In a murder case, Todd explained, "you have to prove that the victim of that homicide had ever lived."

Todd said the medical examiner concluded that because Freeman had a history of stillborn births, because there was an infection present in the placenta of the most recent fetus, and because Freeman was a tobacco user and possibly a cocaine user, the deaths could have occurred naturally.

"There was insufficient evidence to support an indictment," said Todd, who said there will be no future investigation into further charges.

Asked whether women who miscarry are compelled by law to dispose properly of the remains, Todd replied, "There should be," but then backtracked and said he knew of no such crime.

"Our investigation did not get into that," he said.

Todd also said, "The office of the state's attorney does not prosecute cases based on personal feelings."

Todd insisted he had no regrets about pursuing murder charges based on Freeman's statements before getting the full medical examiner's report.

"Nothing was done wrong here," he said. Later, he said, "Sometimes justice requires you to let the suspect go, and that's what happened in this case."

In addition to Todd, Freeman and Godman's statement criticizes Ocean City Police Chief Bernadette DiPino, accusing her of failing to conduct a proper investigation before charging Freeman and needlessly damaging their property.

DiPino was out of town attending to a family matter and unavailable to comment Thursday, but Ocean City police spokesman Barry Neeb said: "We don't find her complaints to be credible in the slightest bit.

"Our officers performed a very thorough, meticulous, professional and ethical investigation. Sometimes investigations aren't pretty. Sometimes they involve things like digging up a yard or damaging walls in a house, but this situation warranted it. ... We would not have changed anything we did in this investigation," Neeb said.

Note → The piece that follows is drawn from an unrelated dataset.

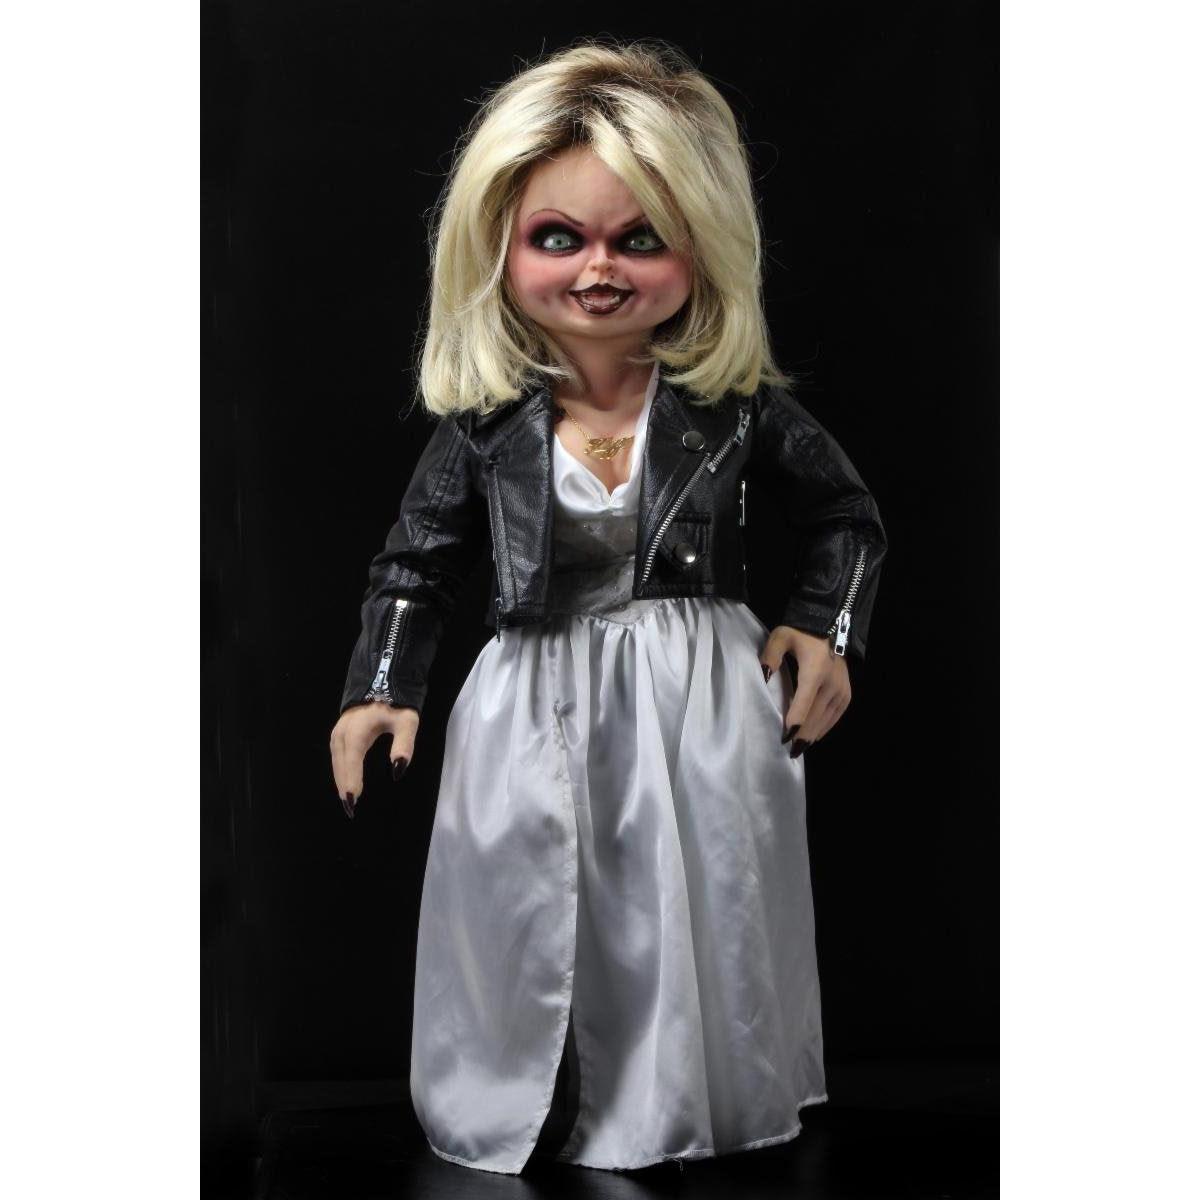 Image of Bride of Chucky - 1:1 Replica - Life-Size Tiffany - FEBRUARY 2020
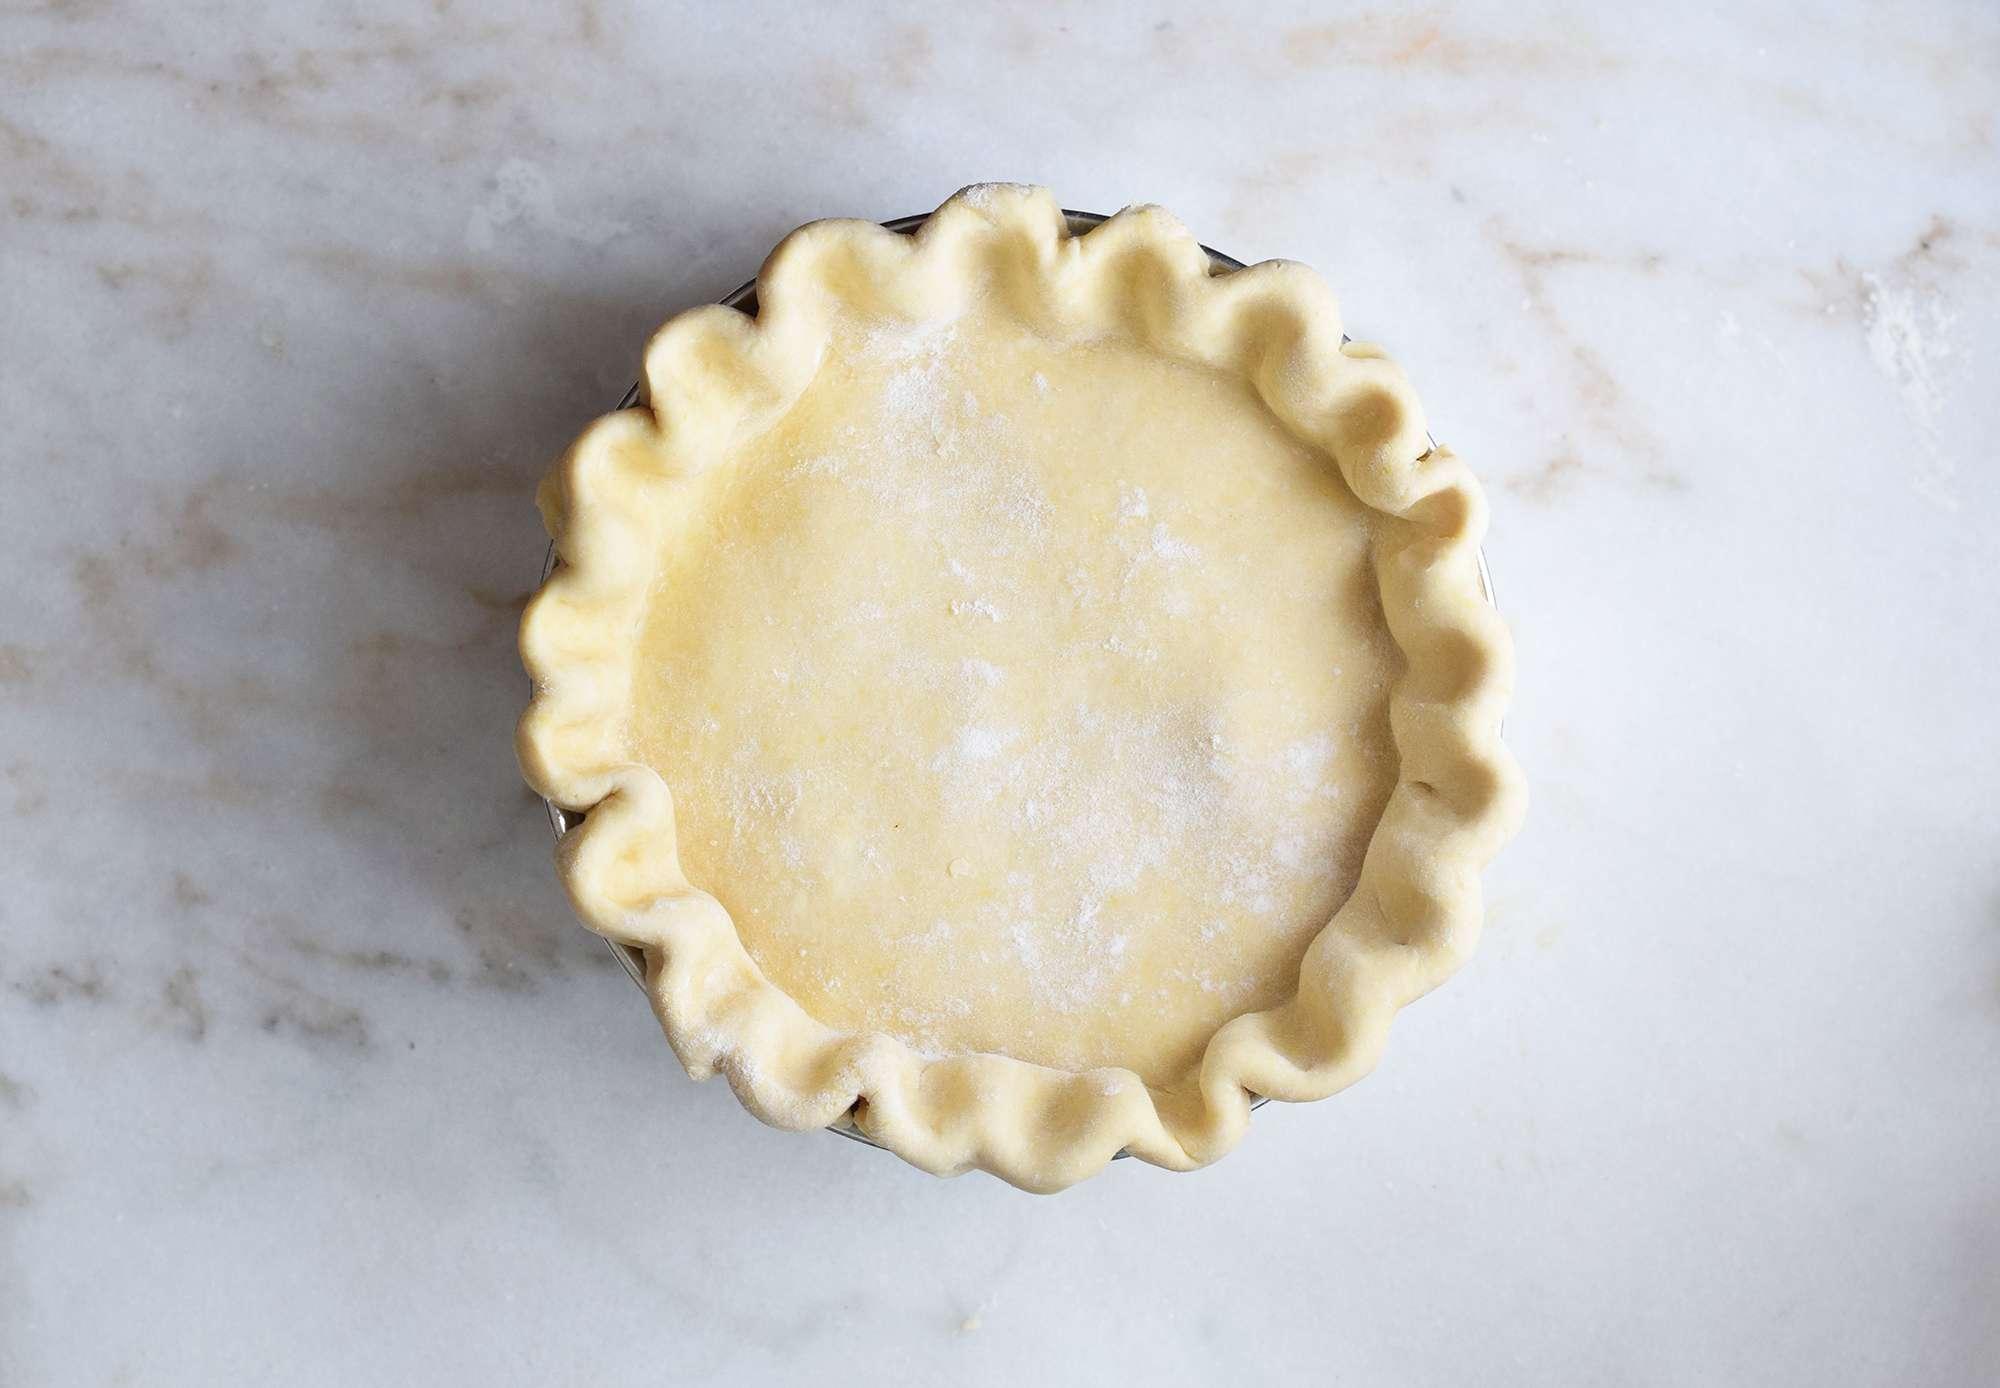 pie crust crimped on top

The statement also names Worcester County District Judge Daniel R. Mumford, accusing him of wrongly postponing Freeman's preliminary hearing. Mumford presided over Freeman's bail review hearing, but he said Thursday he had no further involvement in her case and did not sign the postponement order.

After speaking to reporters, Freeman and Godman walked outside and drove off in a gold 1966 Pontiac Star Chief, one of the cars in the couple's fleet of classic cars used for their taxi service.

Godman called the case an "ordeal," but the couple did not answer reporters' questions about why Freeman kept her dead fetuses around the house or whether she had used cocaine.

The couple are parents of four living children. Godman said the couple would now try to revive business at their taxi service.

"We're just going to get on with our lives and try to get our business up and running and get on with our lives," Godman said.

In their statement, the couple said that the deaths of the babies were miscarriages and that authorities should have waited for medical reports before charging Freeman.

"If an investigation had been done Miss Freeman would have never been charged with anything," the statement read. "When it's all said and done, the reality of this situation is Miss Freeman had four miscarriages over a period of five years."